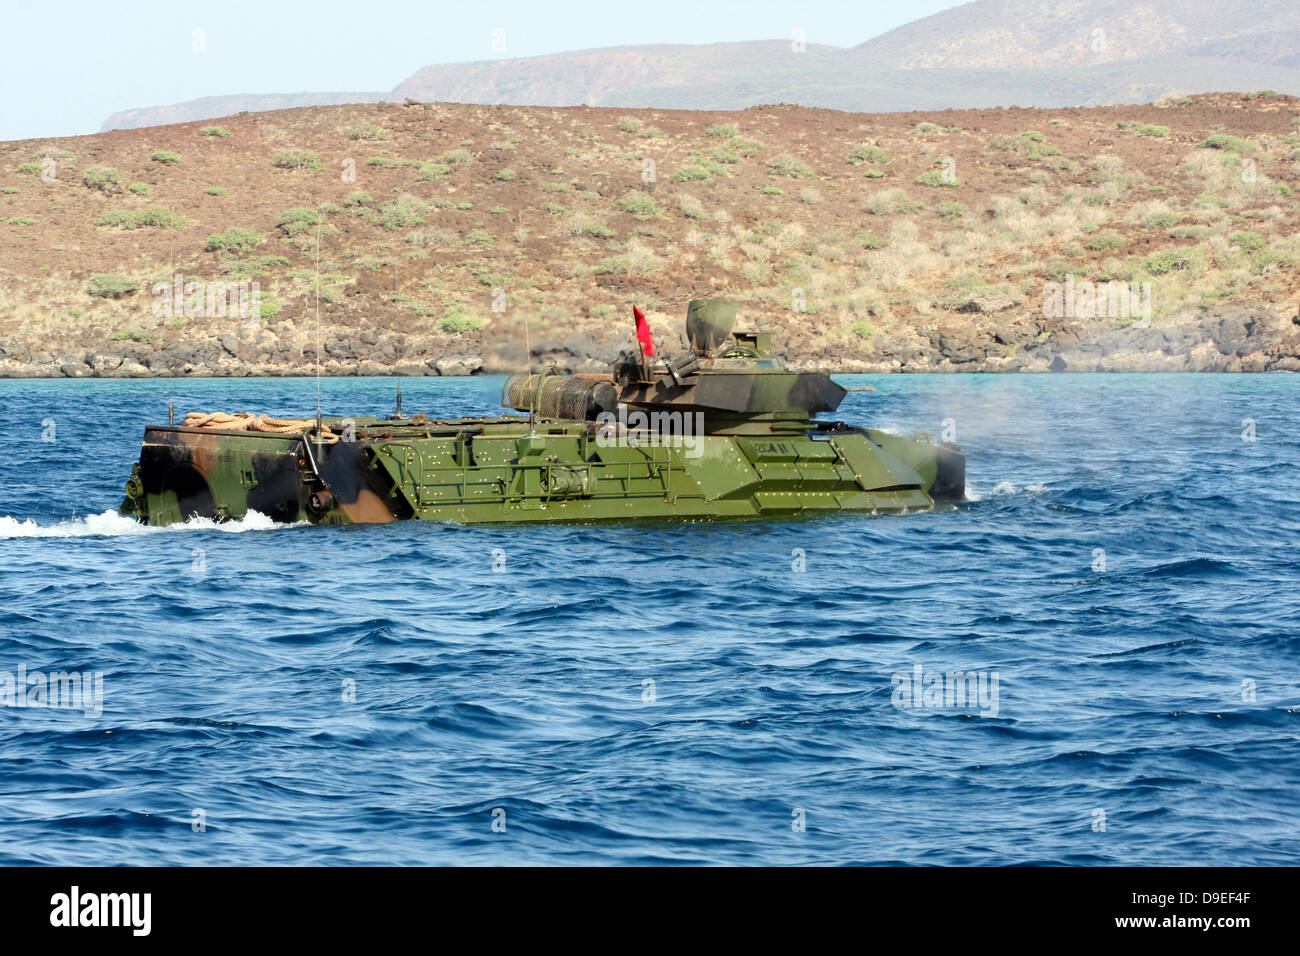 Amphibious assault vehicle crewmen conduct a water gunnery range at a Djibouti beach. Stock Photo
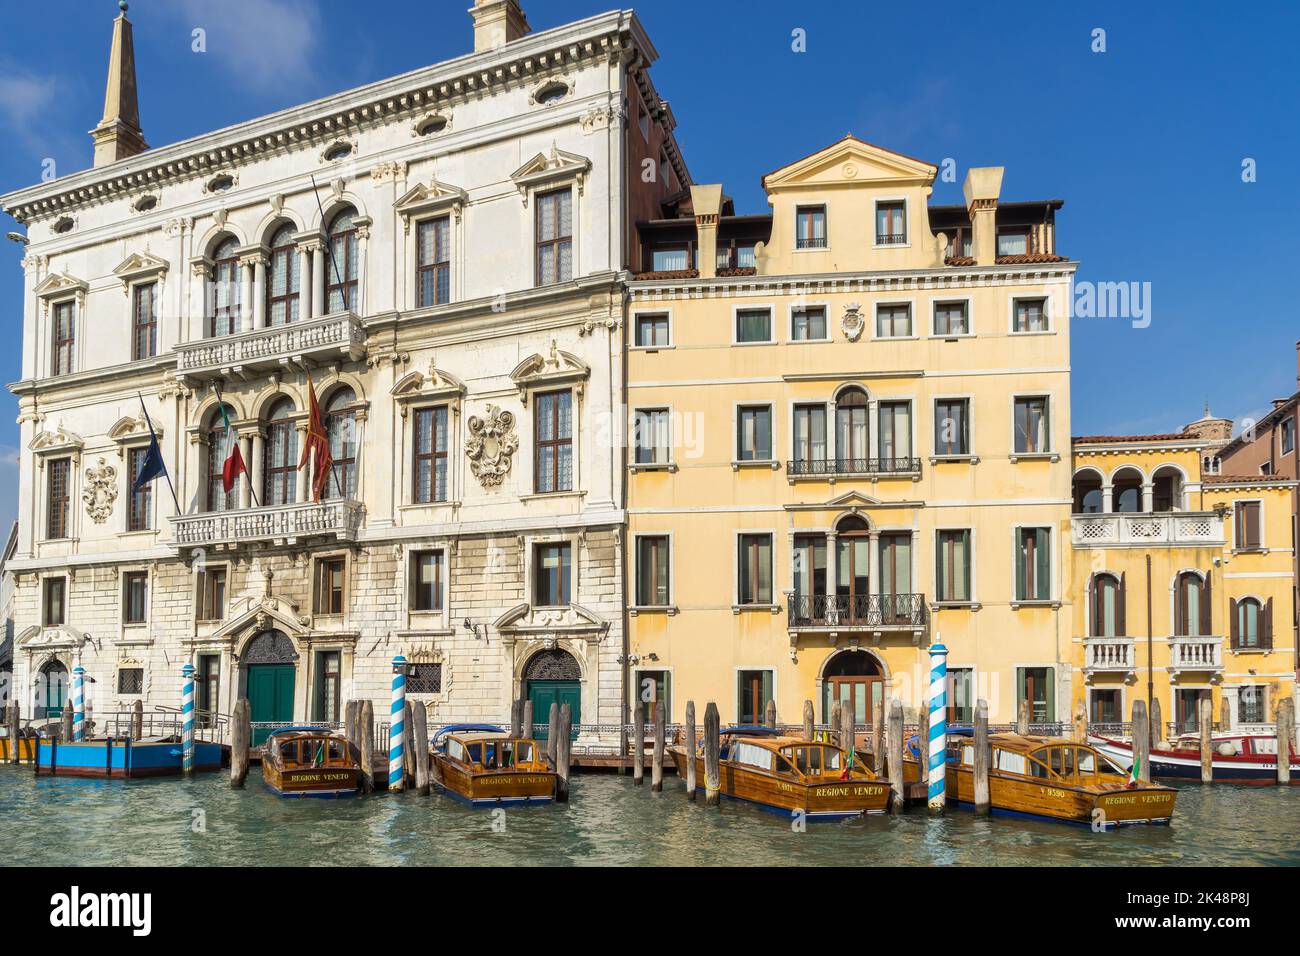 VENISE, ITALIE - OCTOBRE 12 : lancement de moteurs amarrés à Venise sur 12 octobre 2014 Banque D'Images
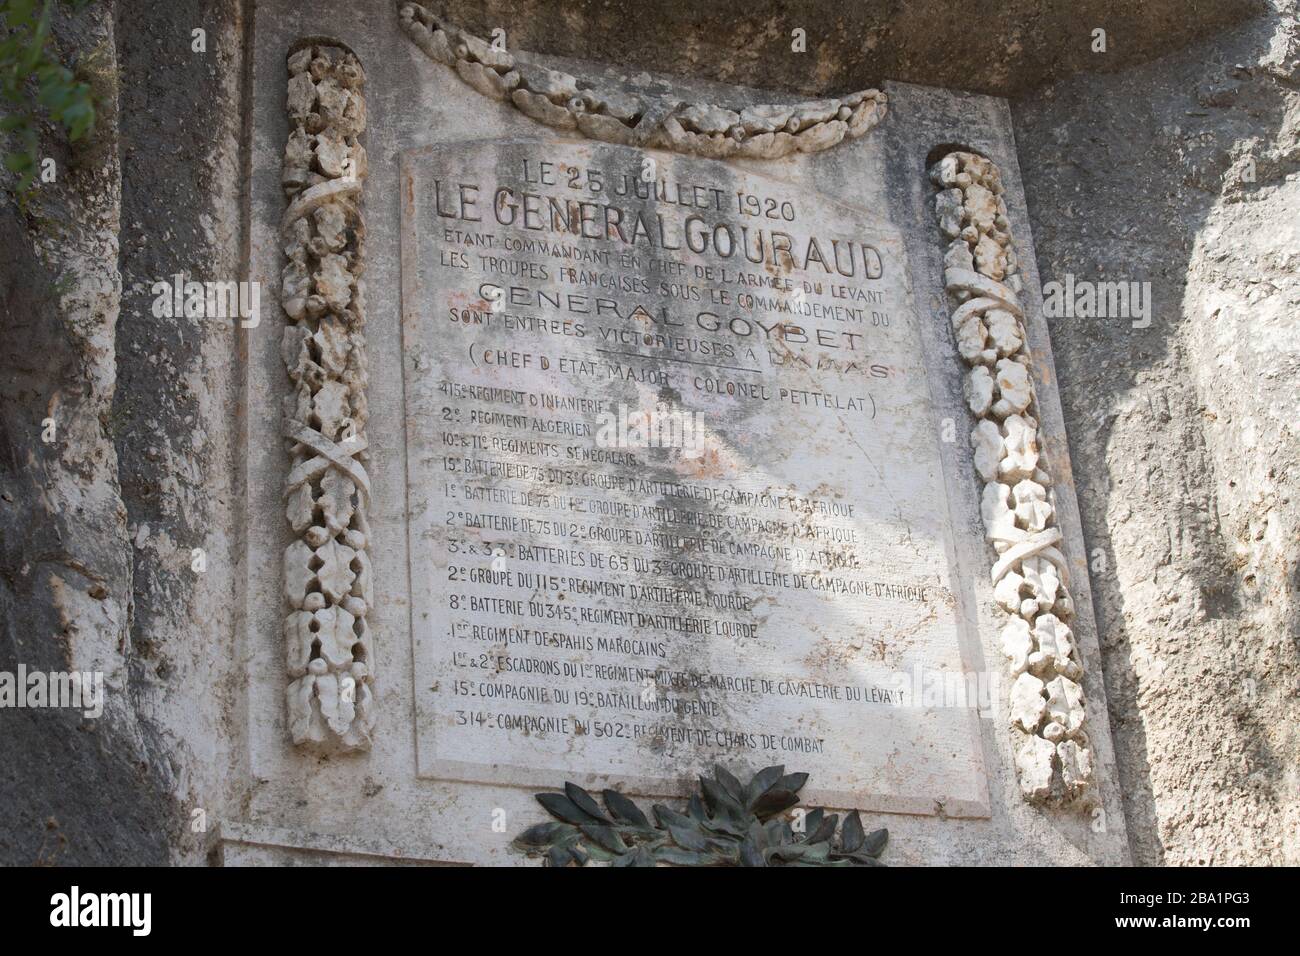 Iscrizione lasciata dalle truppe francesi sotto il generale Gouraud. Stele commemorative di Nahr el-Kalb, Libano. Nahr al-Kalb è l'antico fiume Lycus. Leban Foto Stock
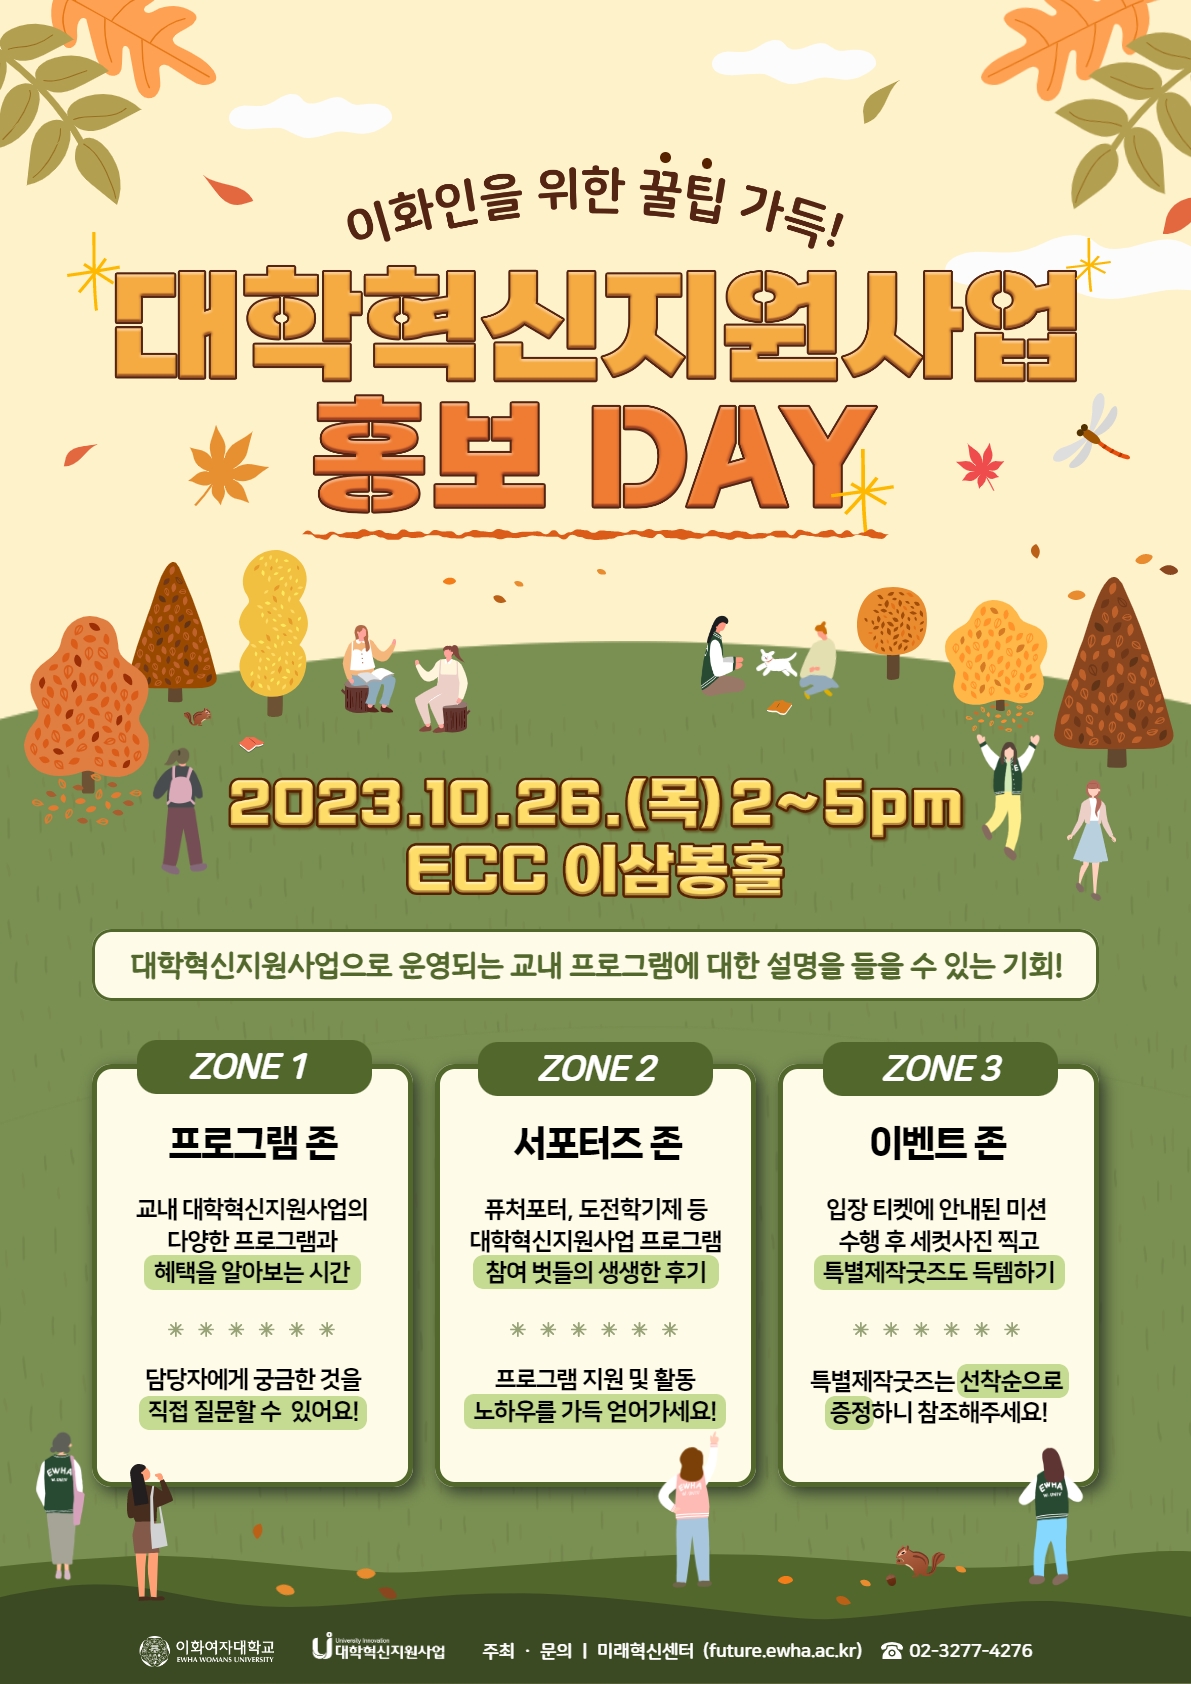 2023 대학혁신지원사업 홍보 DAY 행사 개최: 2023. 10. 26.(목) 14:00~17:00, ECC 이삼봉홀
****************
• Your task
Transcribe every line of the listing above exactly; skip the pictures.

• Response area
 Amphibious assault vehicle crewmen conduct a water gunnery range at a Djibouti beach. Stock Photo
 VENISE, ITALIE - OCTOBRE 12 : lancement de moteurs amarrés à Venise sur 12 octobre 2014 Banque D'Images
 Iscrizione lasciata dalle truppe francesi sotto il generale Gouraud. Stele commemorative di Nahr el-Kalb, Libano. Nahr al-Kalb è l'antico fiume Lycus. Leban Foto Stock
 2023 대학혁신지원사업 홍보 DAY 행사 개최: 2023. 10. 26.(목) 14:00~17:00, ECC 이삼봉홀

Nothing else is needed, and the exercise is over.